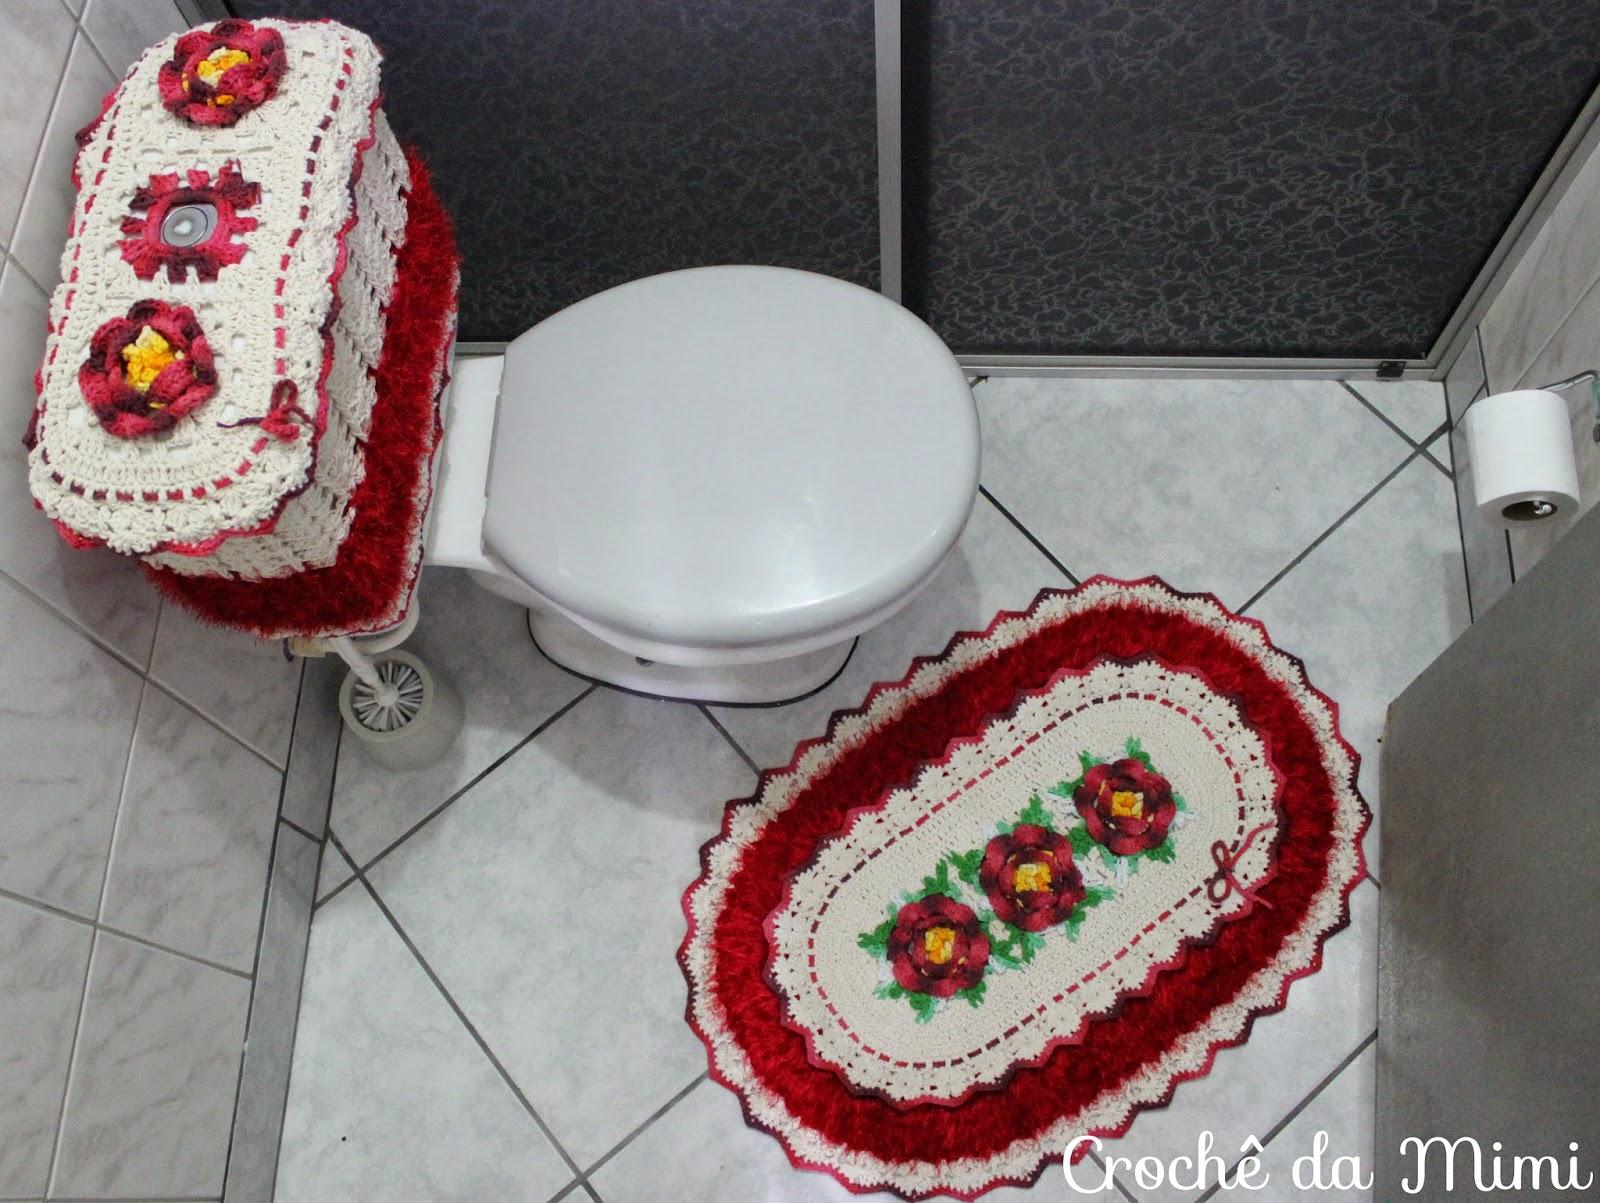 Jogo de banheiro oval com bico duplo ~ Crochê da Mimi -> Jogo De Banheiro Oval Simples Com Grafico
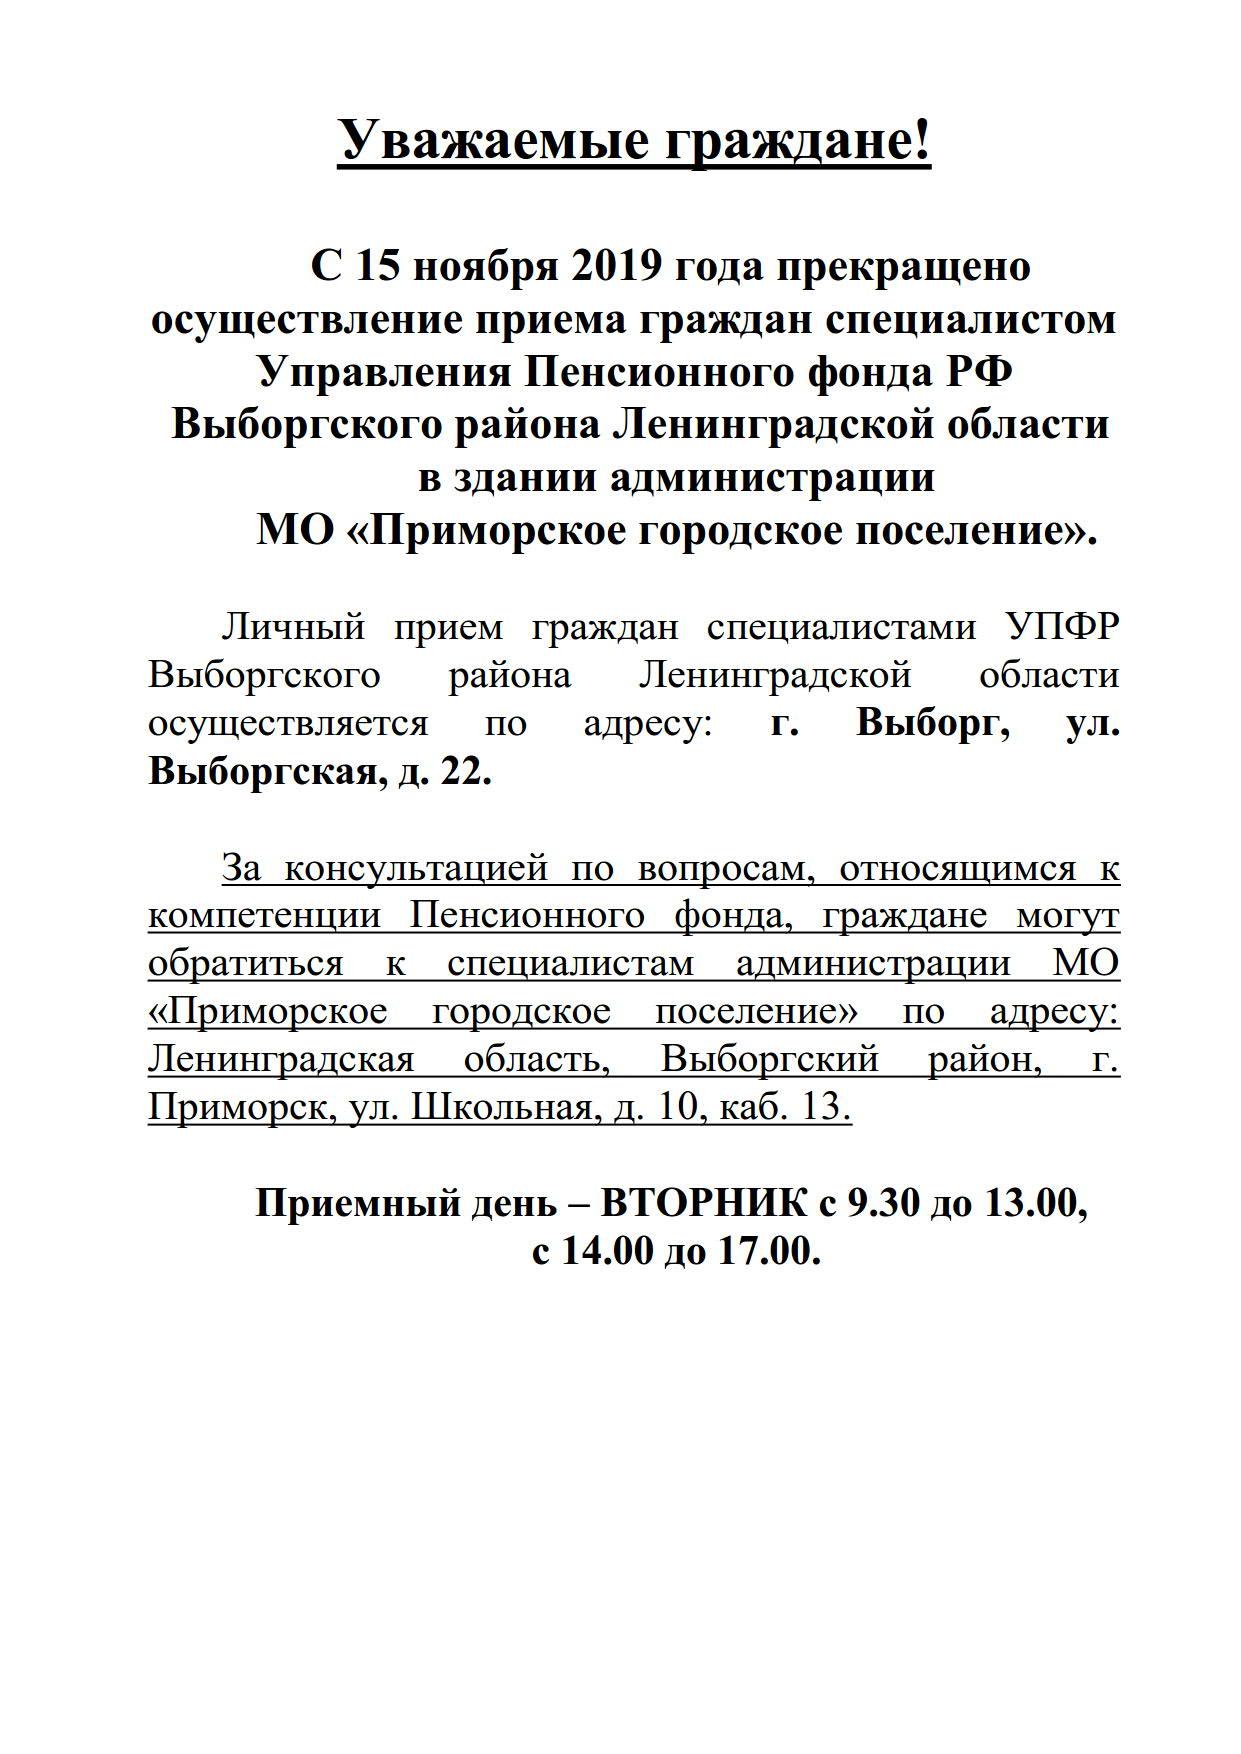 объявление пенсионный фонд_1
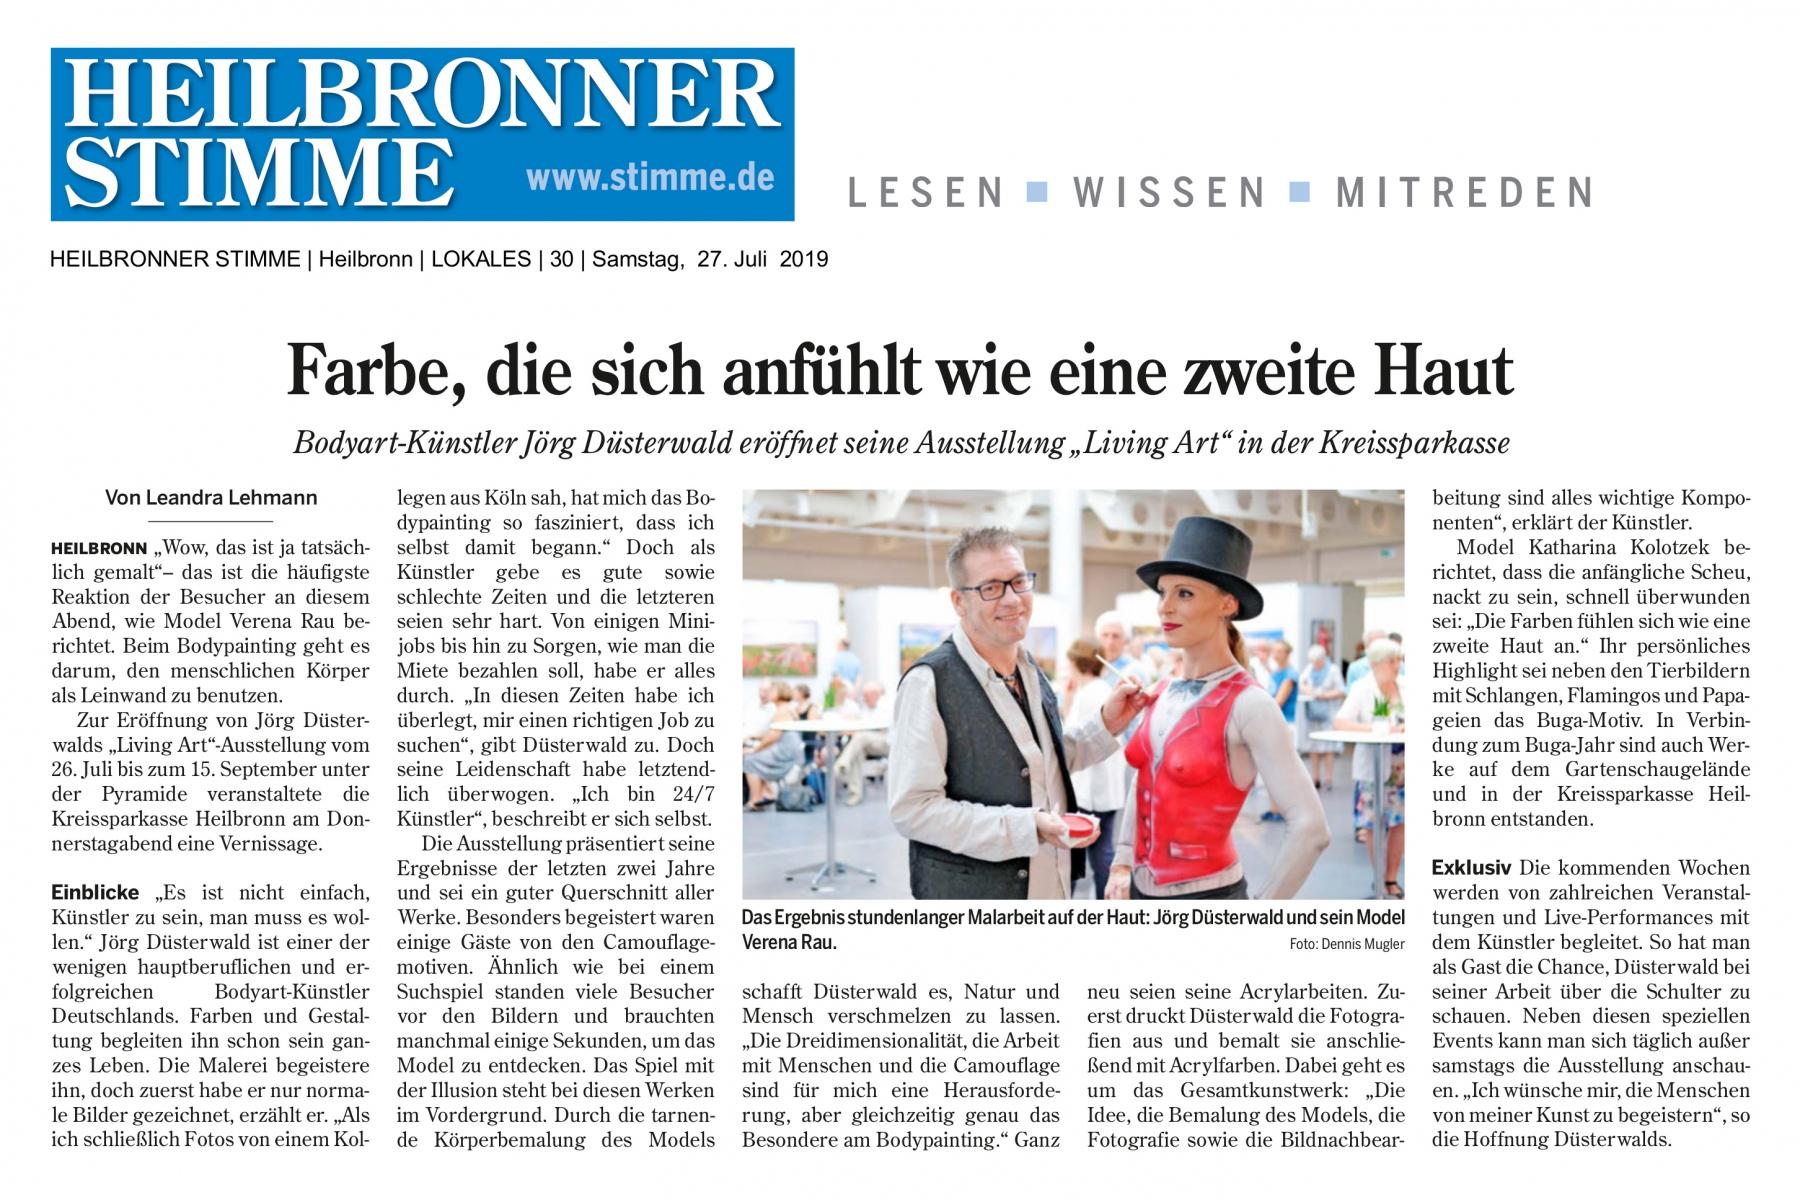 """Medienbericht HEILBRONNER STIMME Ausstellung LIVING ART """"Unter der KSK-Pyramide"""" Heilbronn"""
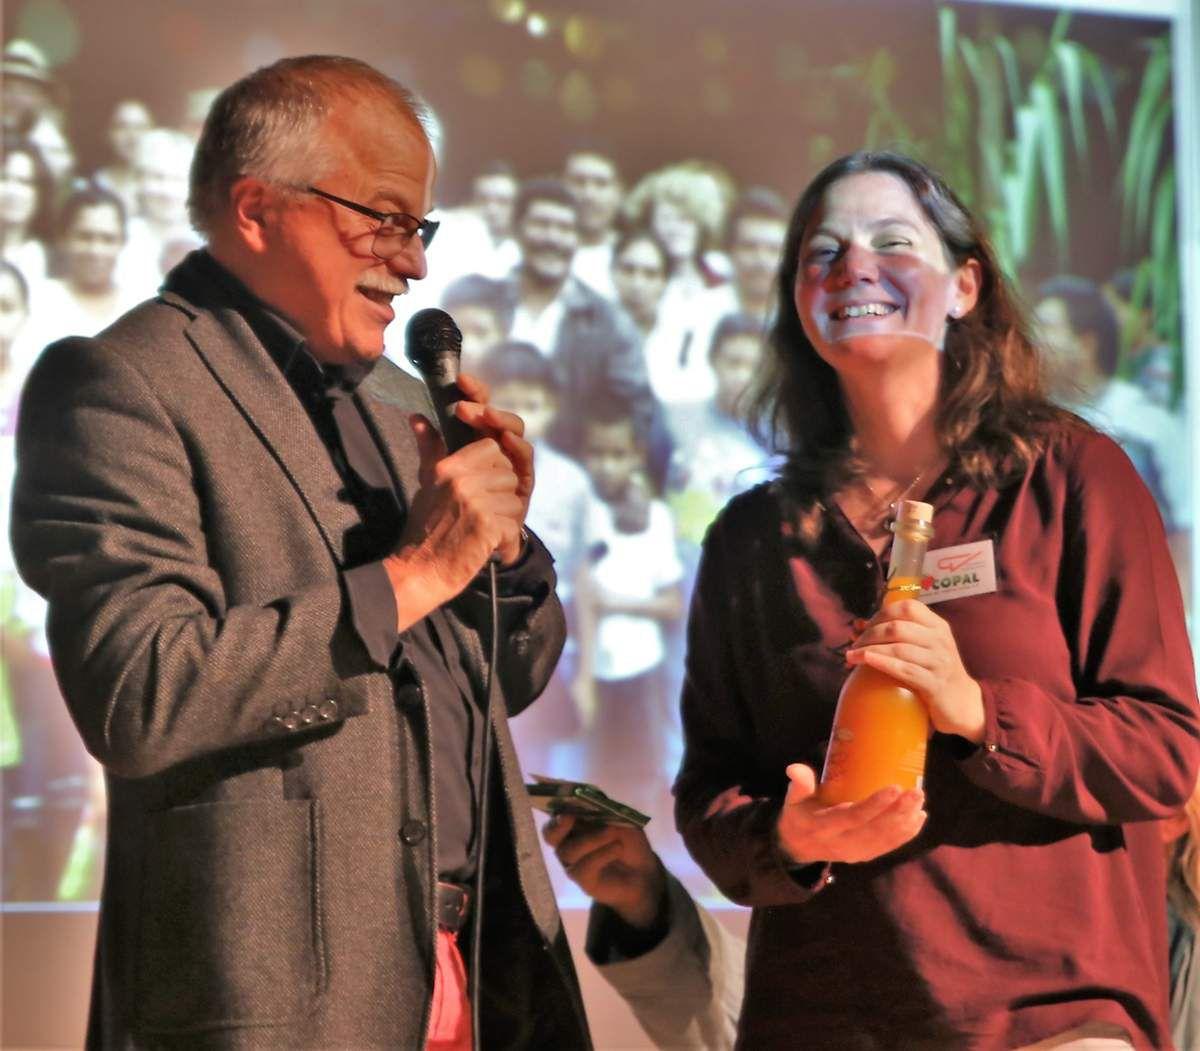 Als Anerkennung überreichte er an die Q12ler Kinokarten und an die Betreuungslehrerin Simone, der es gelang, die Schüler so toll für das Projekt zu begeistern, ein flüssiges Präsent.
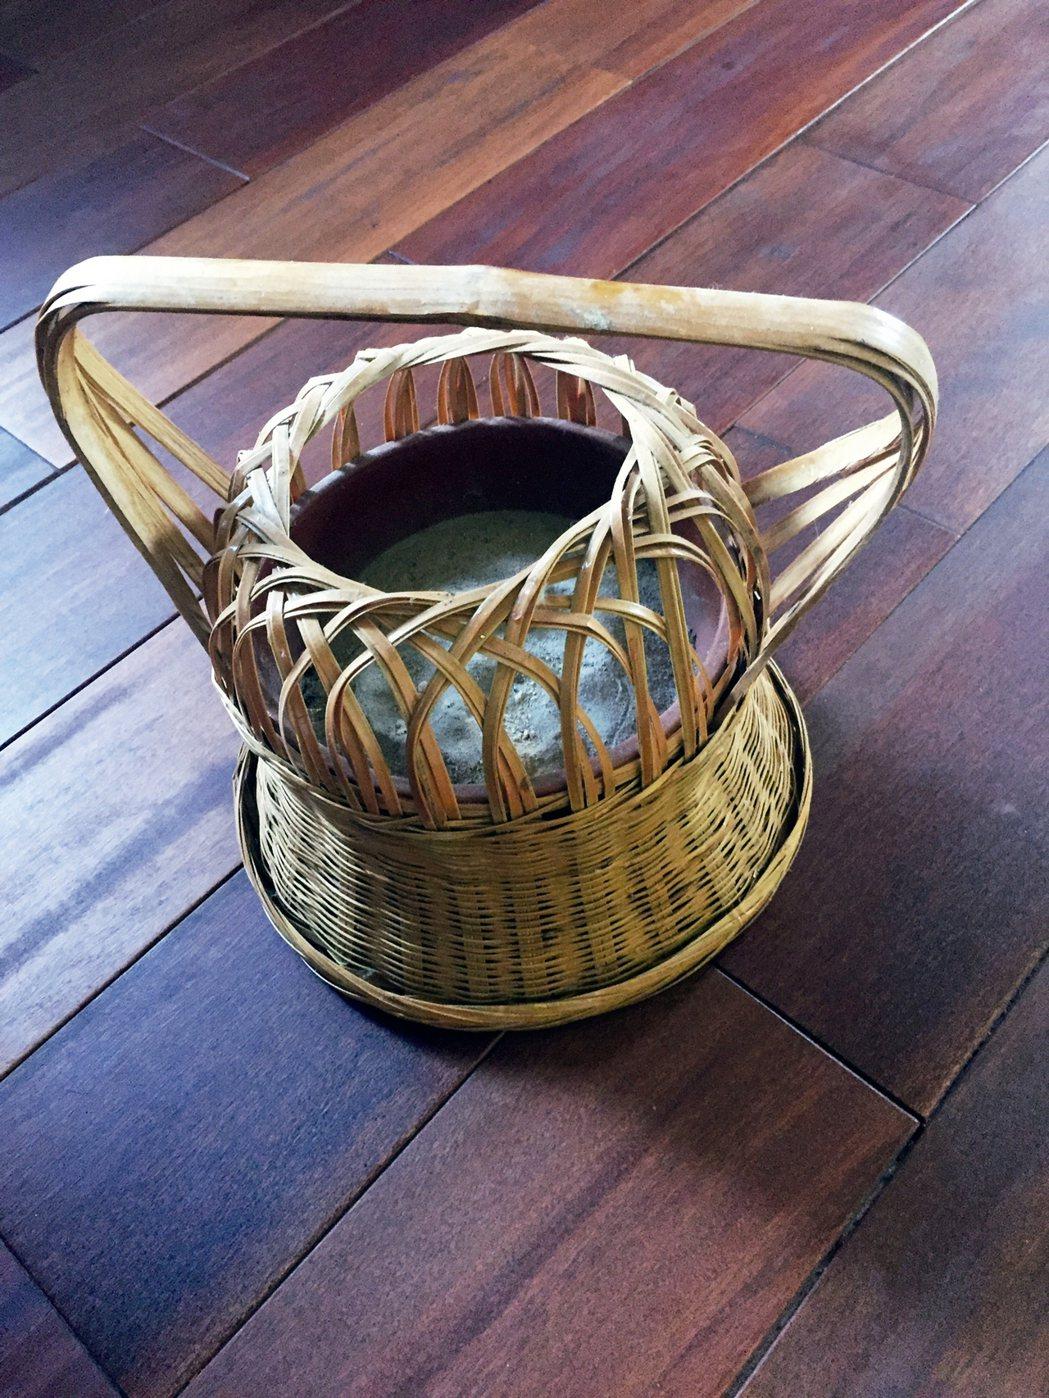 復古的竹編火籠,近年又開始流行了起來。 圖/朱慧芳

_ _ _ _

Work required
Leaving out the pictures, return the records exactly as given.

Written answer
 Jogo de banheiro oval com bico duplo ~ Crochê da Mimi -> Jogo De Banheiro Oval Simples Com Grafico
 объявление пенсионный фонд_1
 """Medienbericht HEILBRONNER STIMME Ausstellung LIVING ART """"Unter der KSK-Pyramide"""" Heilbronn"""
 Als Anerkennung überreichte er an die Q12ler Kinokarten und an die Betreuungslehrerin Simone, der es gelang, die Schüler so toll für das Projekt zu begeistern, ein flüssiges Präsent.
 復古的竹編火籠,近年又開始流行了起來。 圖/朱慧芳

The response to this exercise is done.